After the First World War, interest in fortification waned. Switzerland had maintained its neutrality throughout the conflict, and there seemed little appetite for pouring money into mountain bunkers.

That calculus shifted dramatically in the 1930s. Across Europe, nations were building defensive lines at unprecedented scale — France constructed the Maginot Line, Czechoslovakia built extensive border fortifications, Germany was hardening the Siegfried Line. Switzerland watched, and recalculated.

The timing intersected with the Great Depression. Swiss job creation programmes in the mid-1930s provided both the labour force and the political will for a major expansion. Design work started in 1935, and by 1937 construction was underway on a vastly expanded network encompassing not just the alpine forts but a new Border Line along the Rhine and an intermediate Army Line across the Swiss Plateau.

Three strategic nodes were identified as the anchors of the entire system: Fortress Saint-Maurice in the west, controlling the Rhône valley and the approaches from France. Fortress Saint Gotthard in the centre, guarding the critical north-south rail and road links.

And Fortress Sargans in the east, defending the Rhine valley gateway into the Alps — a position made newly vulnerable after a drainage programme converted the wetlands along the Rhine into terrain an armoured force could cross.

Together, these three fortress complexes formed an east-west defensive line through the heart of the Alps. The territory they enclosed — roughly the mountainous central quarter of Switzerland — would become the Réduit.

The Architect: General Henri Guisan

When war returned to Europe in 1939, Switzerland found itself in an almost impossibly precarious position. By June 1940, France had fallen in six weeks. Switzerland was now entirely surrounded by Axis powers — Nazi Germany to the north and east, Fascist Italy to the south, and Vichy France to the west.

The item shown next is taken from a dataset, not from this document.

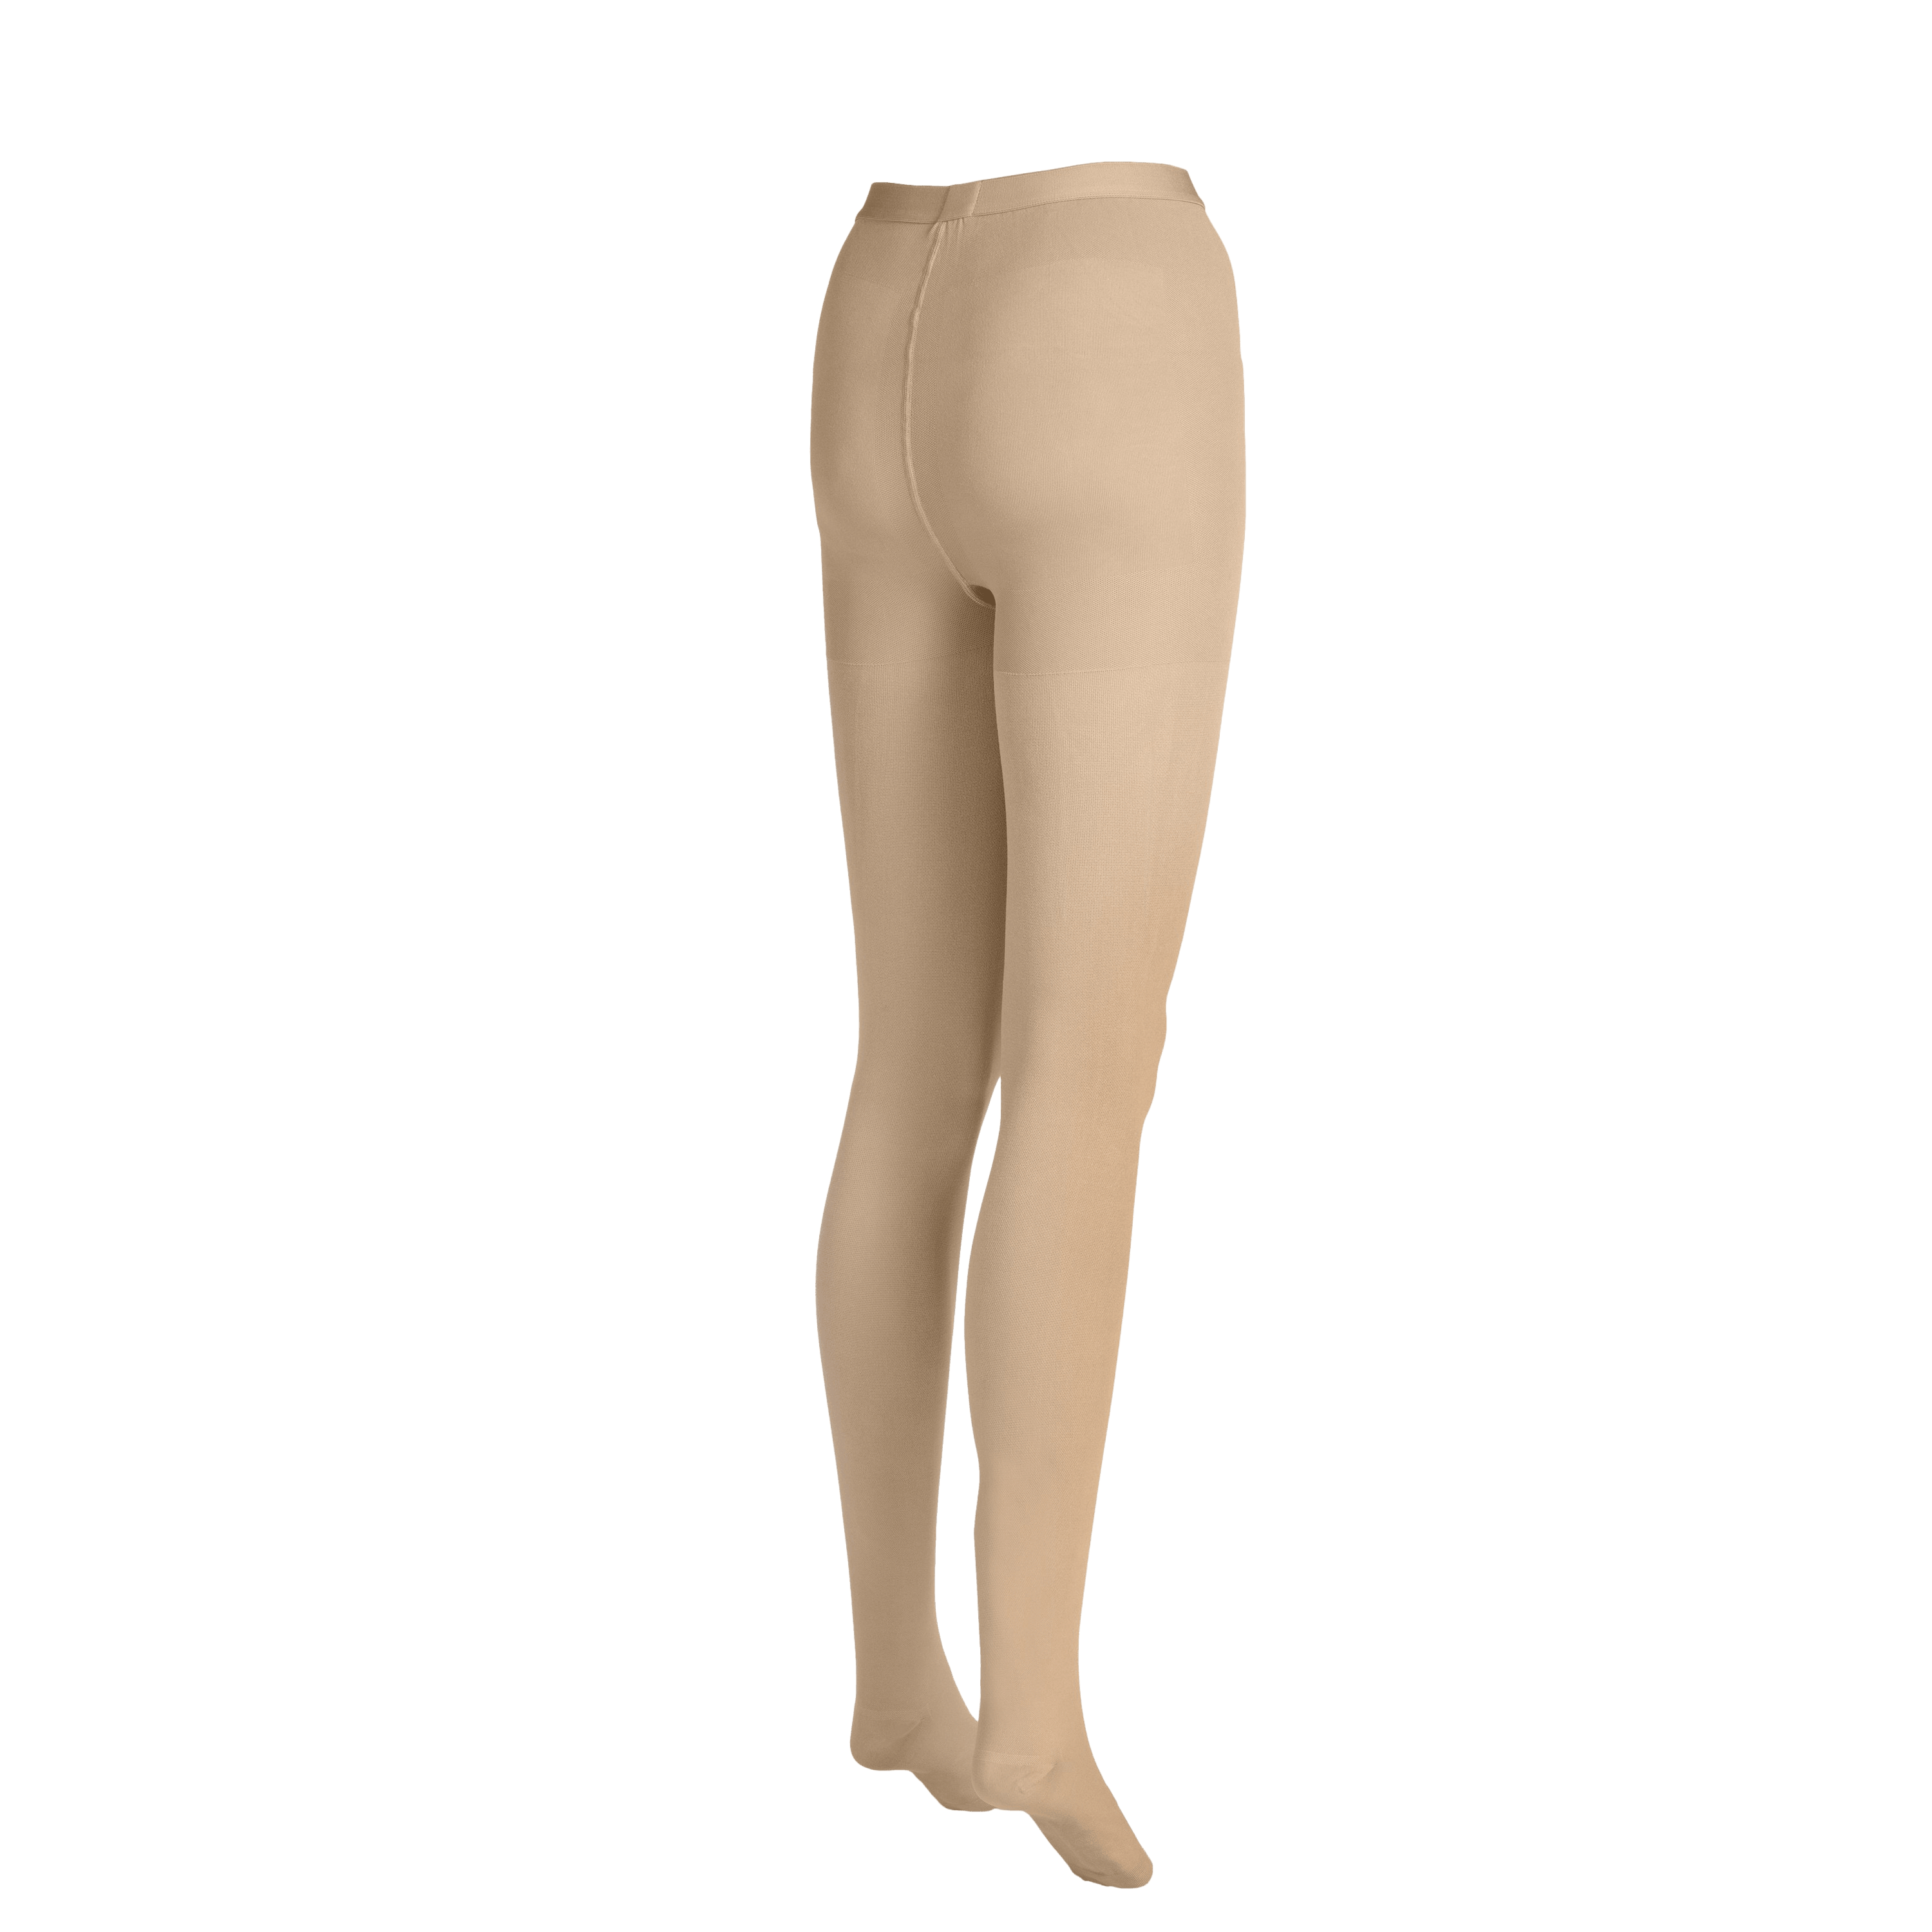 Opaque Compression Pantyhose for Women Circulation 20-30mmHg - Beige, Large

The man tasked with defending the country was General Henri Guisan. On 30 August 1939, the Swiss Federal Assembly had elected him commander-in-chief of the armed forces with 204 votes out of 231 — only the fourth person in Swiss history to hold the wartime rank of general, a position that exists only in times of war or national emergency.

Guisan understood the arithmetic immediately: Switzerland had roughly 430,000 combat troops.

Germany had millions. In a conventional war fought on open ground, Switzerland would be overrun in days. But Guisan was not planning a conventional war. He was planning a retreat.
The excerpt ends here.